| From 60e2793d440a3ec95abb5d6d4fc034a4b480472d Mon Sep 17 00:00:00 2001 |
| From: Michal Hocko <mhocko@suse.com> |
| Date: Fri, 5 Nov 2021 13:38:06 -0700 |
| Subject: mm, oom: do not trigger out_of_memory from the #PF |
| |
| From: Michal Hocko <mhocko@suse.com> |
| |
| commit 60e2793d440a3ec95abb5d6d4fc034a4b480472d upstream. |
| |
| Any allocation failure during the #PF path will return with VM_FAULT_OOM |
| which in turn results in pagefault_out_of_memory. This can happen for 2 |
| different reasons. a) Memcg is out of memory and we rely on |
| mem_cgroup_oom_synchronize to perform the memcg OOM handling or b) |
| normal allocation fails. |
| |
| The latter is quite problematic because allocation paths already trigger |
| out_of_memory and the page allocator tries really hard to not fail |
| allocations. Anyway, if the OOM killer has been already invoked there |
| is no reason to invoke it again from the #PF path. Especially when the |
| OOM condition might be gone by that time and we have no way to find out |
| other than allocate. |
| |
| Moreover if the allocation failed and the OOM killer hasn't been invoked |
| then we are unlikely to do the right thing from the #PF context because |
| we have already lost the allocation context and restictions and |
| therefore might oom kill a task from a different NUMA domain. |
| |
| This all suggests that there is no legitimate reason to trigger |
| out_of_memory from pagefault_out_of_memory so drop it. Just to be sure |
| that no #PF path returns with VM_FAULT_OOM without allocation print a |
| warning that this is happening before we restart the #PF. |
| |
| [VvS: #PF allocation can hit into limit of cgroup v1 kmem controller. |
| This is a local problem related to memcg, however, it causes unnecessary |
| global OOM kills that are repeated over and over again and escalate into a |
| real disaster. This has been broken since kmem accounting has been |
| introduced for cgroup v1 (3.8).

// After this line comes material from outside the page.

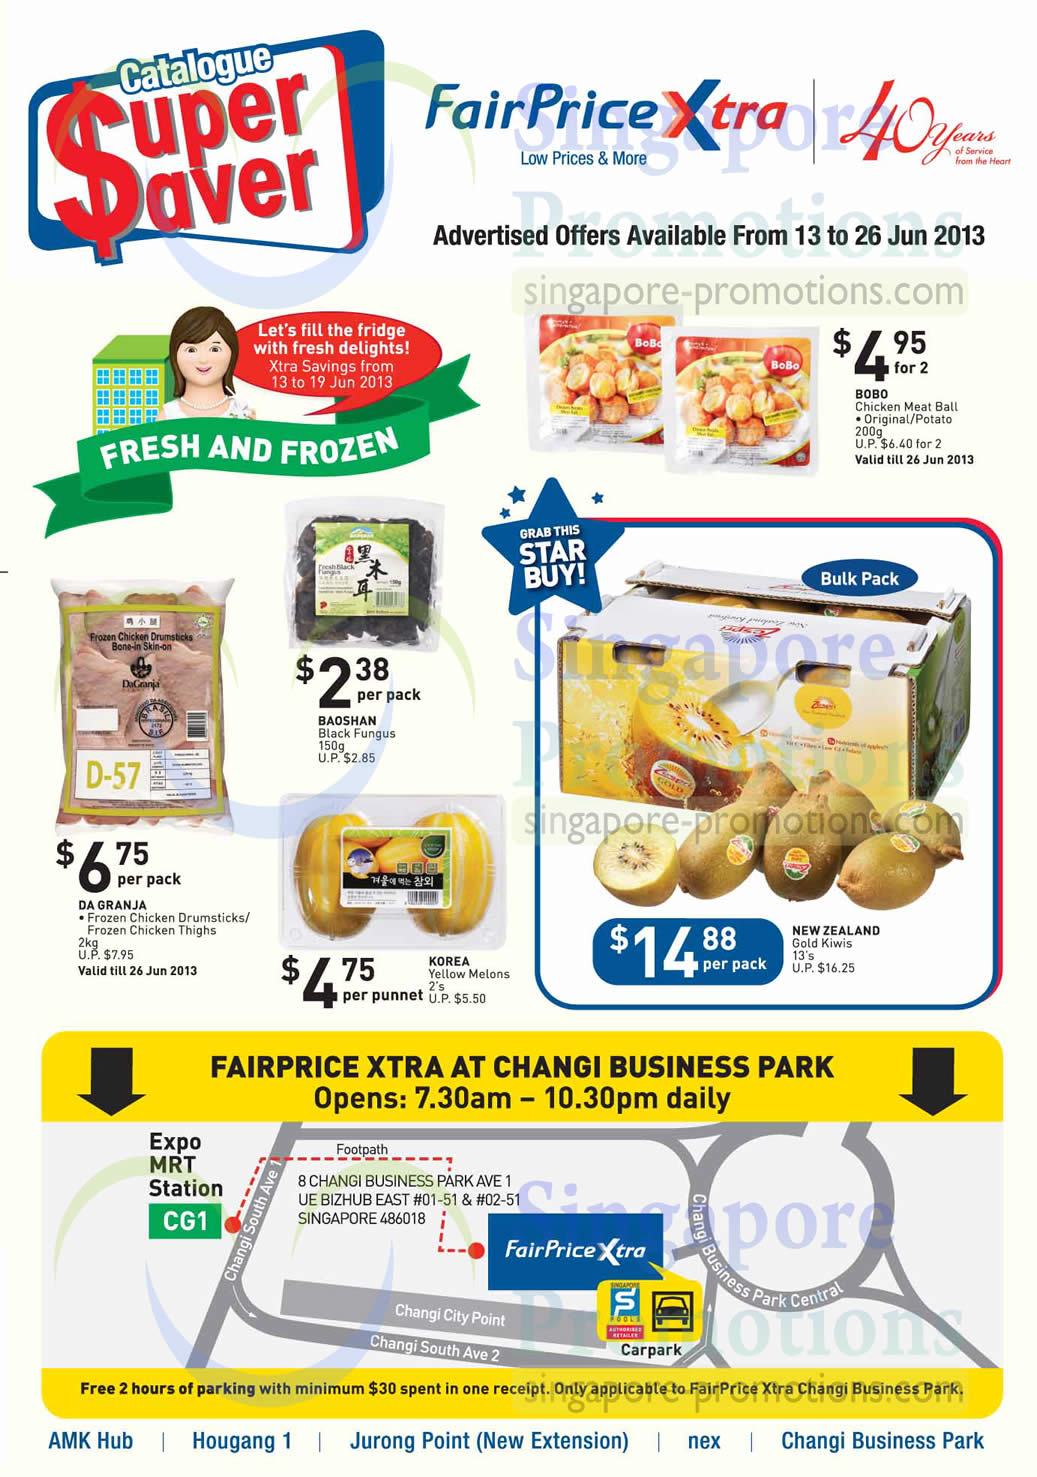 Groceries, Fresh n Frozen, New Zealand Gold Kiwis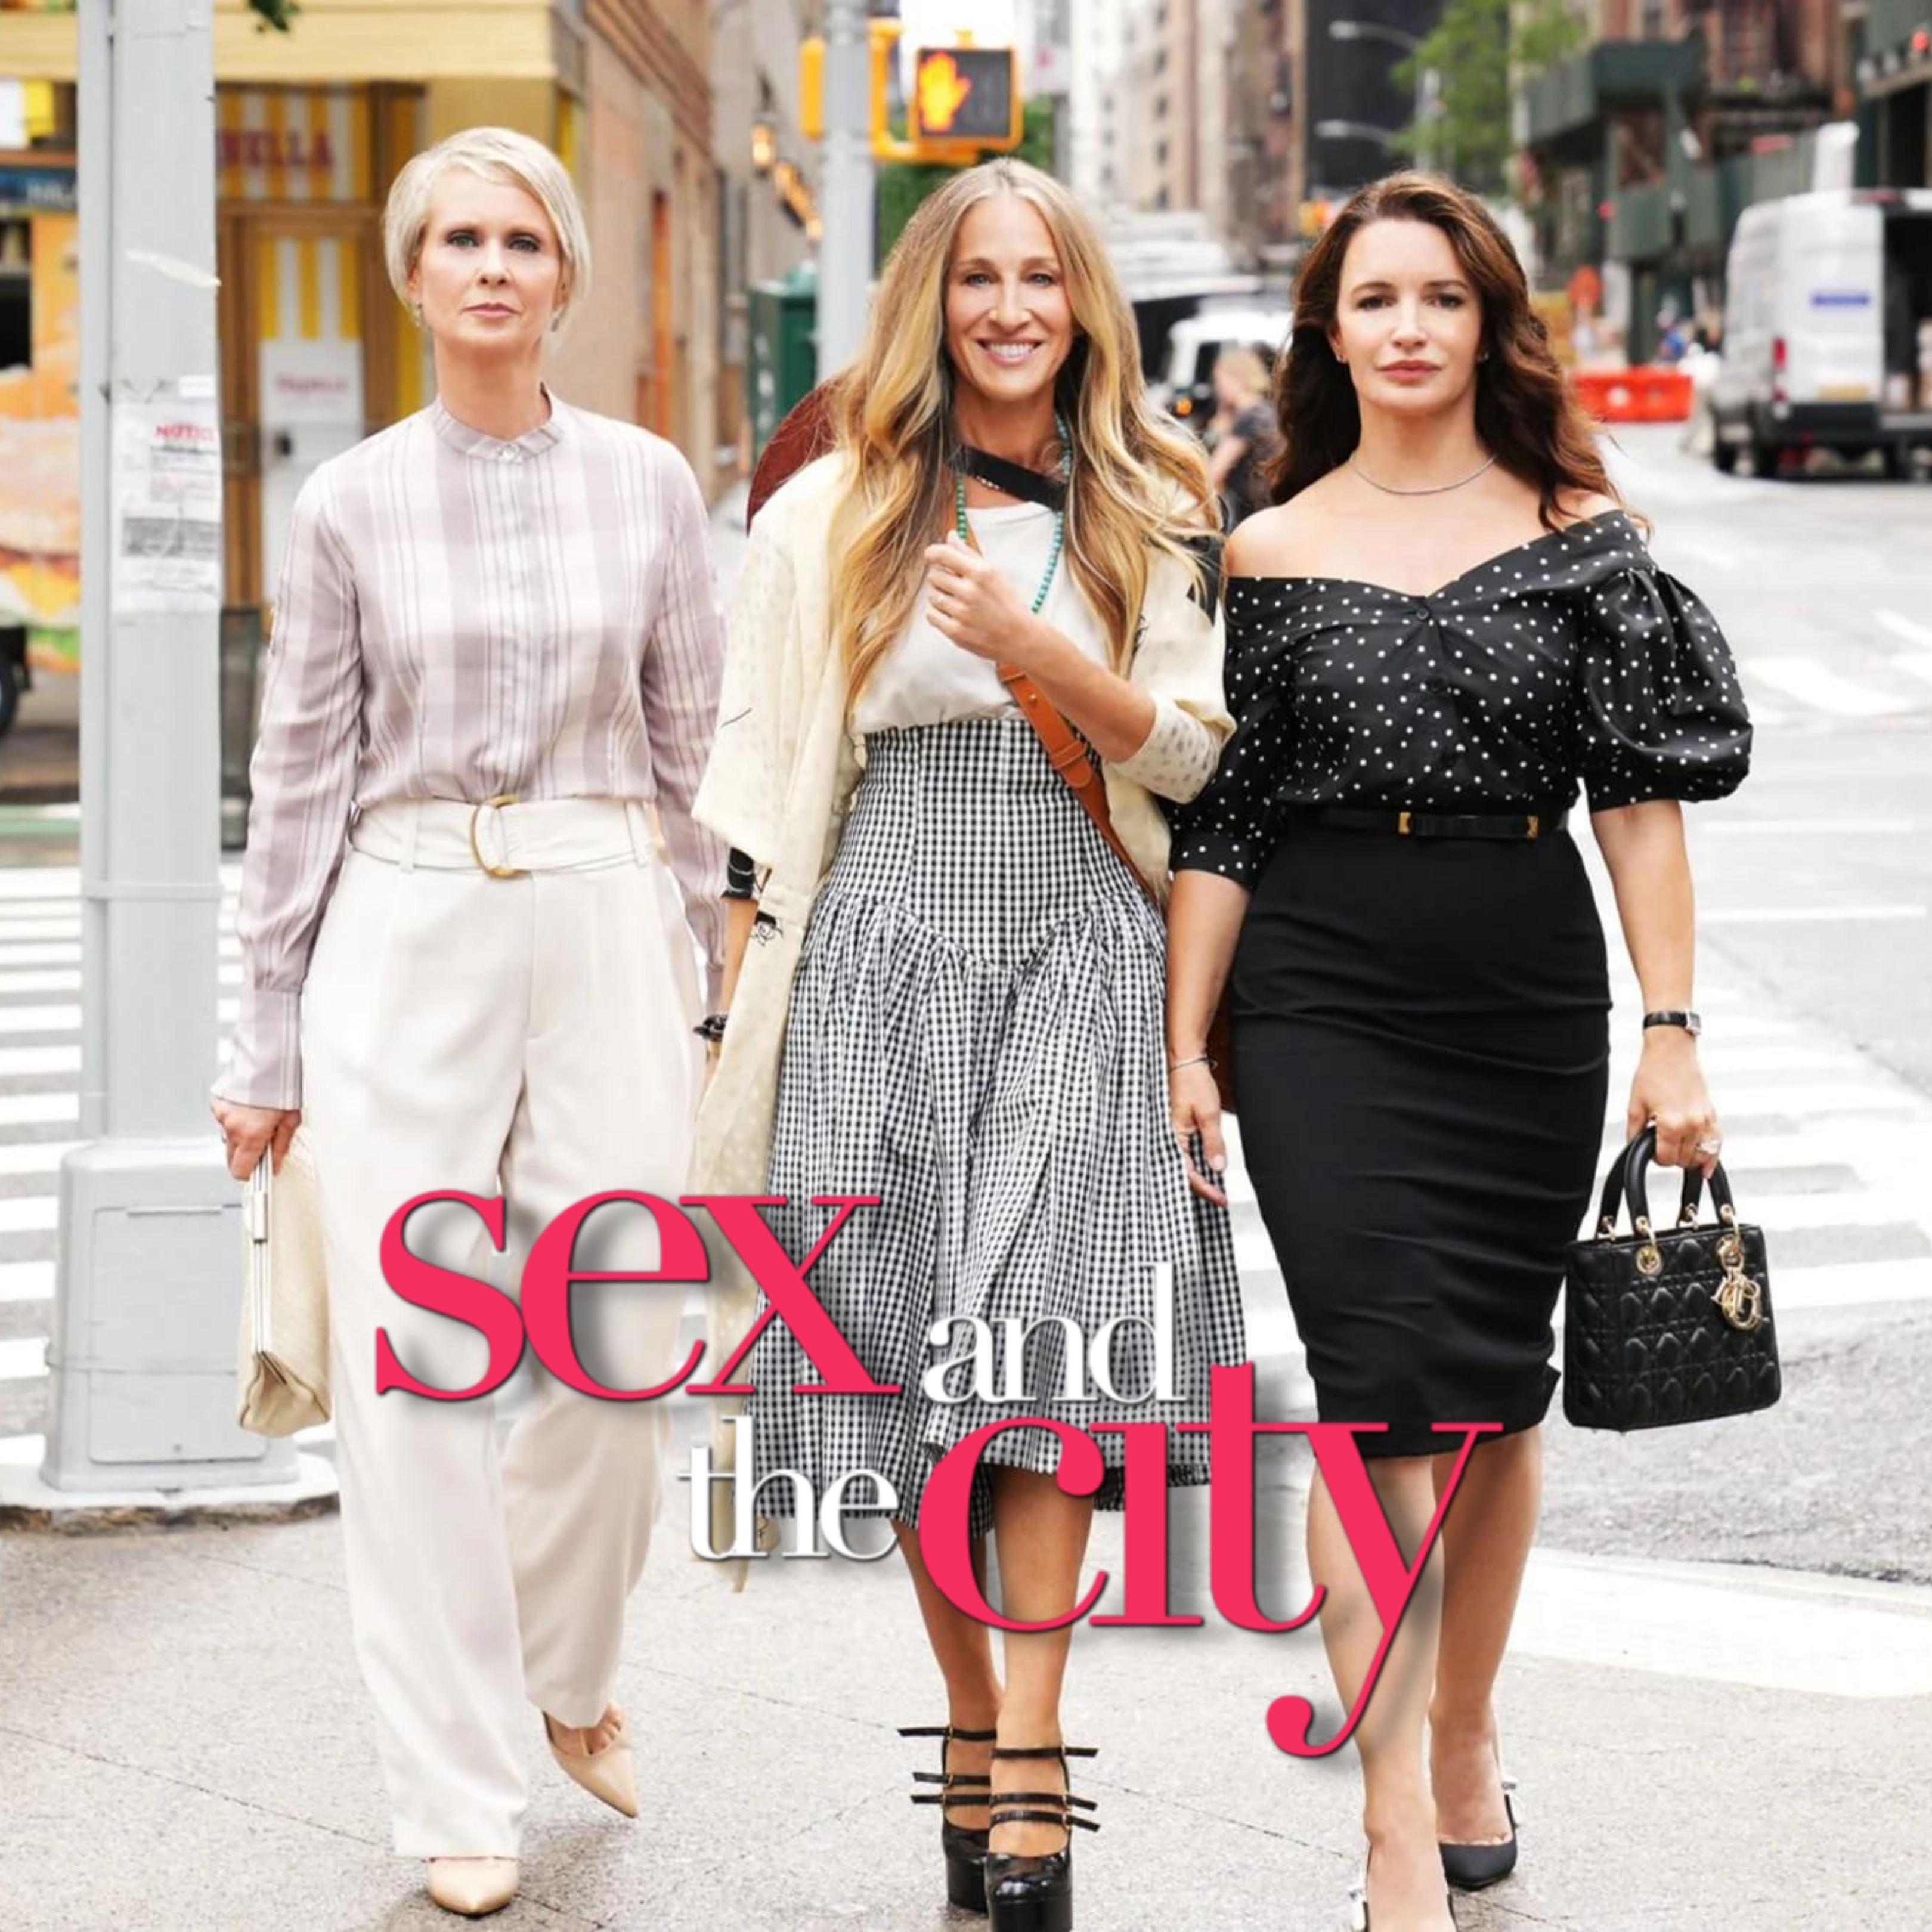 Nova fase: Sex and the City

There was no kmem specific reclaim for |
| the separate limit so the only way to handle kmem hard limit was to return |
| with ENOMEM. In upstream the problem will be fixed by removing the |
| outdated kmem limit, however stable and LTS kernels cannot do it and are |
| still affected. This patch fixes the problem and should be backported |
| into stable/LTS.] |
| |
| Link: https://lkml.kernel.org/r/f5fd8dd8-0ad4-c524-5f65-920b01972a42@virtuozzo.com |
| Signed-off-by: Michal Hocko <mhocko@suse.com> |
| Signed-off-by: Vasily Averin <vvs@virtuozzo.com> |
| Acked-by: Michal Hocko <mhocko@suse.com> |
| Cc: Johannes Weiner <hannes@cmpxchg.org> |
| Cc: Mel Gorman <mgorman@techsingularity.net> |
| Cc: Roman Gushchin <guro@fb.com> |
| Cc: Shakeel Butt <shakeelb@google.com> |
| Cc: Tetsuo Handa <penguin-kernel@i-love.sakura.ne.jp> |
| Cc: Uladzislau Rezki <urezki@gmail.com> |
| Cc: Vladimir Davydov <vdavydov.dev@gmail.com> |
| Cc: Vlastimil Babka <vbabka@suse.cz> |
| Cc: <stable@vger.kernel.org> |
| Signed-off-by: Andrew Morton <akpm@linux-foundation.org> |
| Signed-off-by: Linus Torvalds <torvalds@linux-foundation.org> |
| Signed-off-by: Greg Kroah-Hartman <gregkh@linuxfoundation.org> |
| --- |
| mm/oom_kill.c | 22 ++++++++-------------- |
| 1 file changed, 8 insertions(+), 14 deletions(-) |
| |
| --- a/mm/oom_kill.c |
| +++ b/mm/oom_kill.c |
| @@ -1114,19 +1114,15 @@ bool out_of_memory(struct oom_control *o |
| } |
| |
| /* |
| - * The pagefault handler calls here because it is out of memory, so kill a |
| - * memory-hogging task. If oom_lock is held by somebody else, a parallel oom |
| - * killing is already in progress so do nothing. |
| + * The pagefault handler calls here because some allocation has failed. We have |
| + * to take care of the memcg OOM here because this is the only safe context without |
| + * any locks held but let the oom killer triggered from the allocation context care |
| + * about the global OOM. |
| */ |
| void pagefault_out_of_memory(void) |
| { |
| - struct oom_control oc = { |
| - .zonelist = NULL, |
| - .nodemask = NULL, |
| - .memcg = NULL, |
| - .gfp_mask = 0, |
| - .order = 0, |
| - }; |
| + static DEFINE_RATELIMIT_STATE(pfoom_rs, DEFAULT_RATELIMIT_INTERVAL, |
| + DEFAULT_RATELIMIT_BURST); |
| |
| if (mem_cgroup_oom_synchronize(true)) |
| return; |
| @@ -1134,8 +1130,6 @@ void pagefault_out_of_memory(void) |
| if (fatal_signal_pending(current)) |
| return; |
| |
| - if (!mutex_trylock(&oom_lock)) |
| - return; |
| - out_of_memory(&oc); |
| - mutex_unlock(&oom_lock); |
| + if (__ratelimit(&pfoom_rs)) |
| + pr_warn("Huh VM_FAULT_OOM leaked out to the #PF handler. Retrying PF\n"); |
| } |